David Bernstein writes in 2014: According this article, ADL surveys show that “approximately 12 percent of Americans hold deeply entrenched anti-Semitic views.” However, over 30% of African Americans and Latinos hold such views. Given that they are almost 30% of the population, this suggests that of the 12% of Americans who hold deeply entrenched anti-Semitic views, 9% or so are African Americans or Latinos. This means, in turn, of the 70% or so of the population that is not African American or Latino, only 3% hold deeply entrenched anti-Semitic views. Put another way, less than 5% of whites, Asians, and “others” (including Native Americans) combined hold deeply entrenched anti-Semitic views, compared to over 30% of African Americans and Latinos–or at least that’s the difference in percentages of those willing to express anti-Semitic attitudes to pollsters. Regardless, it seems odd given these numbers that Jews seem especially concerned about mostly phantom anti-Semitism emanating from white evangelical Christians, while being less concerned about anti-Semitism in core Democratic constituencies. But, as Ilya pointed out a few years back, “many studies show that people tend to devalue or ignore any information that makes their political adversaries look good, while overvaluing anything that looks bad.”
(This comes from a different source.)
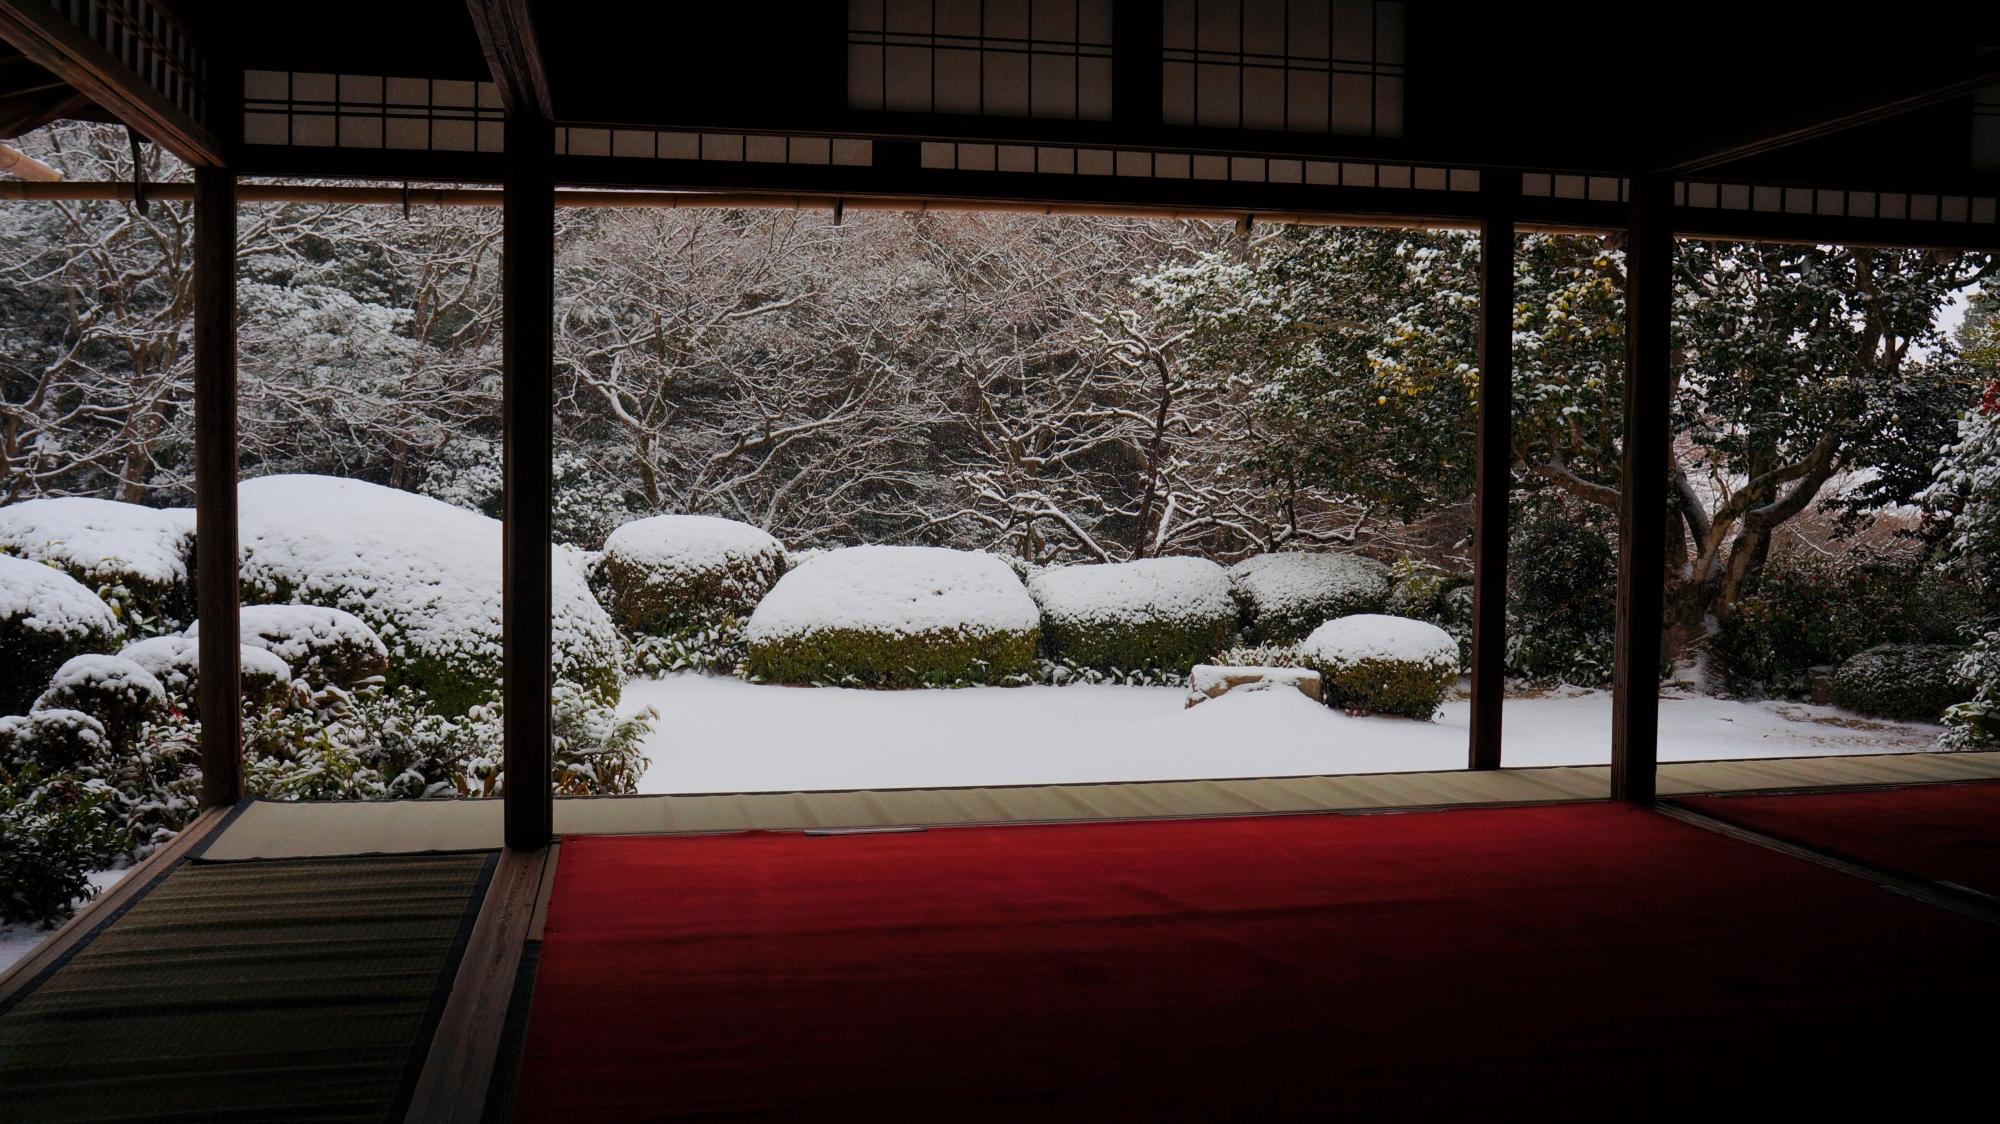 大満足の詩仙堂の冬景色

The article adds: “[Retiring ADL President Abe] Foxman attributes the persistence of anti-Semitism among African-Americans to denial of the problem and a dearth of black leaders speaking out against anti-Semitism. Among Latinos, the attitudes are seen as a holdover from Latin America, where traditional Catholic anti-Semitism persists and anti-Semitic attitudes are higher than in America. Once they acculturate to the United States, Latino anti-Semitism declines: Among first-generation immigrants, about 40 percent hold anti-Semitic attitudes; among those born here, the number falls to 20 percent. ”
UPDATE: A reader points me to the most recent ADL survey, from 2013, which shows a lower rate of black (22%) and Latino (36% foreign-born, 14% native-born) anti-Semitism than the article states. The 2011 data comes closer to matching the author’s assertion, but the overall figure there was not 12% but 15% overall, and 29% (not over 30%) for African Americans and 42 and 20% for foreign and native-born Latinos, respectively. The rates for whites were 8% and 9% in 2013 and 2011. So I’m not sure if the author is looking at different data, or just got his facts wrong. Nevertheless, the basic point, that “entrenched anti-Semitic views” are far more common among African Americans and Latinos than among others, still holds.